Dominique Daye Hunter

I'm a sucker for comics. And Black Indigenous queer woman of color (BIQWOC) representation in comics?: all the doper. Wanting to represent the full spectrum, it was important to me to be inclusive of all feminine energy whether it be cis, trans, or non-binary. Whether you call it a "lulu" or "lele," this woman's warrior cry is heard throughout Africa and the "Americas."

Black and Indigenous people have fought together against colonization since 1492. Colonial violence has encroached upon and dehumanized Black and Indigenous bodies and homelands ever since. Though the term BIPOC has been around since 2013, seeing it resurface in a major and powerful way after George Floyd's murder brought a sense of solidarity during such a painful time.

However, being Black Indigenous hasn't always been love and solidarity. As a Black Sappony woman, my tribe and others on the east coast, who have been integrated with Black and Caucasion peoples for centuries, are more accepting as most people are mixed. But this isn't to say there isn't still colorism and other lateral oppression experienced. Living in the southwest for the last ten years as a Black Indigenous person has shown me that the history of internal oppression and colorism are also found here. Time and time again, I've experienced partner's family's who were Indigenous that rejected me because I was "part Black."

It's easy to think that after 2020, all that is behind us and that our communities are free from racism (see "How To Be Antiracist" by Ibram Kendi). But I still see the anti-Blackness, especially when designs or models aren't phenotypically seen as "Native" or don't get as much love. But like the "My Native Woman" designs teaches us, there is no "one look" for Indigenous or Black peoples.

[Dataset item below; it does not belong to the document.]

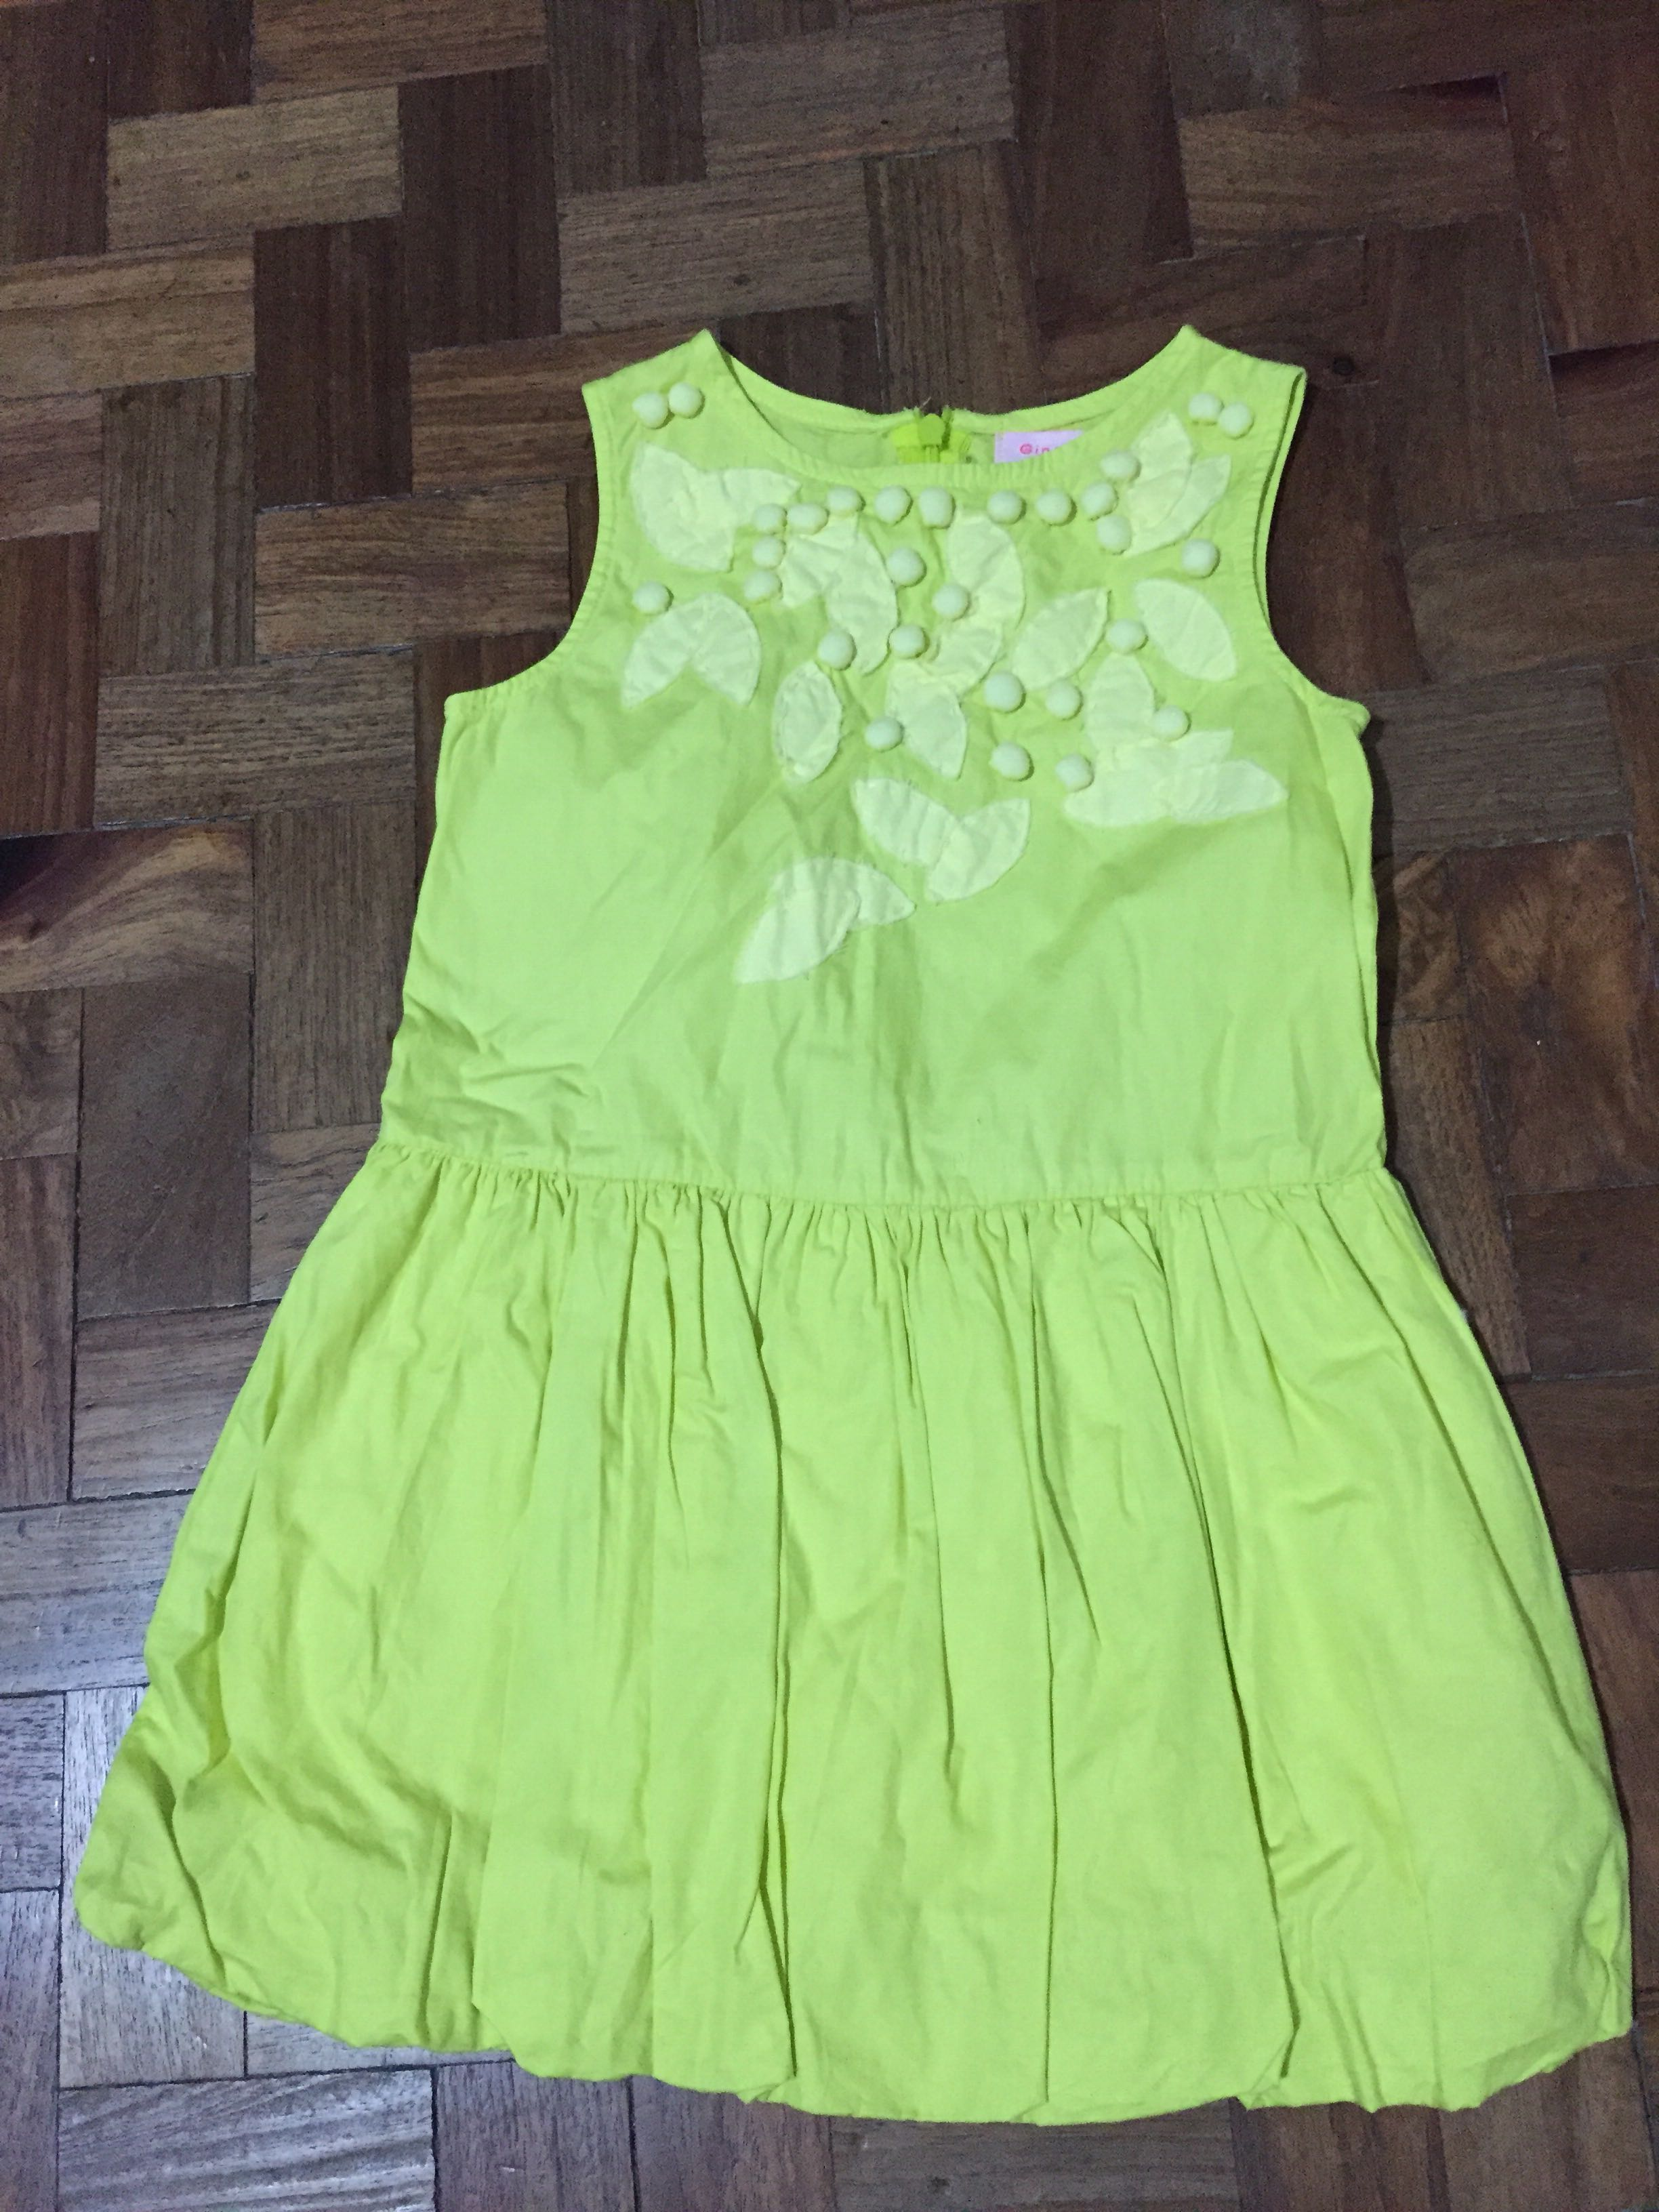 6b591ca6d768 Gingersnaps Yellow Green Dress
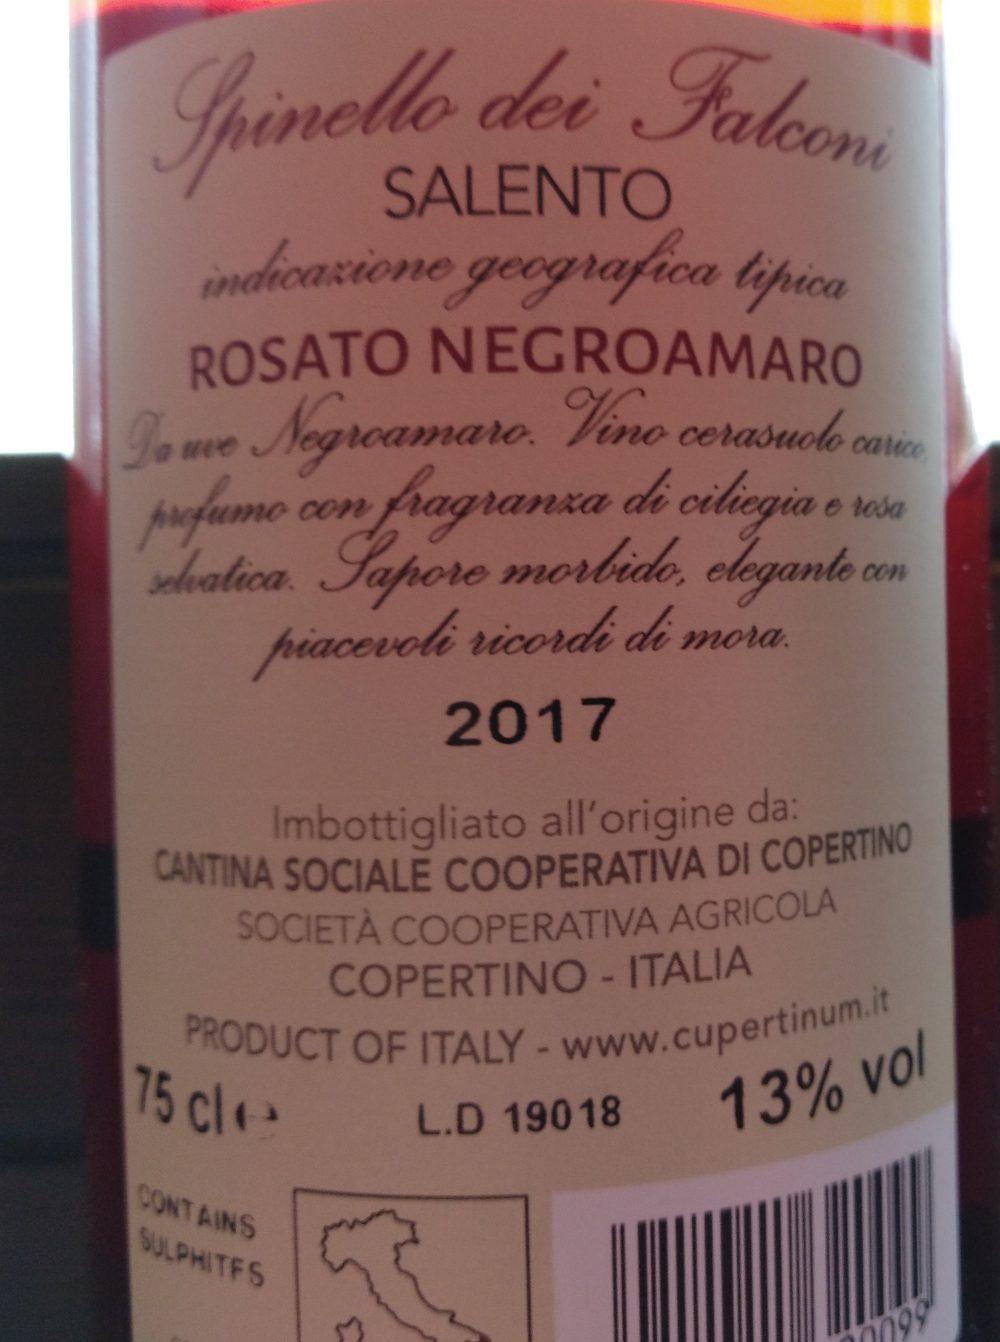 Controetichetta Spinello dei Falconi Rosato Negroamaro Salento Igt 2017 - Cupertinum

We are all warriors against colonization if we chose to be and chose to let go of these colonized, racist ideas once and for all. We are all legtimate. We are all beautiful. Even more so, when we lulu / lele together.

Hannah Manuelito

Dominique Daye Hunter (Black, Sappony/Irish/Polish descent) is a poet/spoken word/hiphop artist, short story writer, and clothing line entrepreneur. She is the co-founder of Indigenous Womxn In Solidarity Empowered + Rising and The LuLu Experience: Festival and Publication. Hunter is currently working on her B.S. in Nonprofit Leadership Management with an emphasis in American Indian Studies, and lives between the southeast + southwestern U.S. Follow her journey on Instagram @ddayehunter.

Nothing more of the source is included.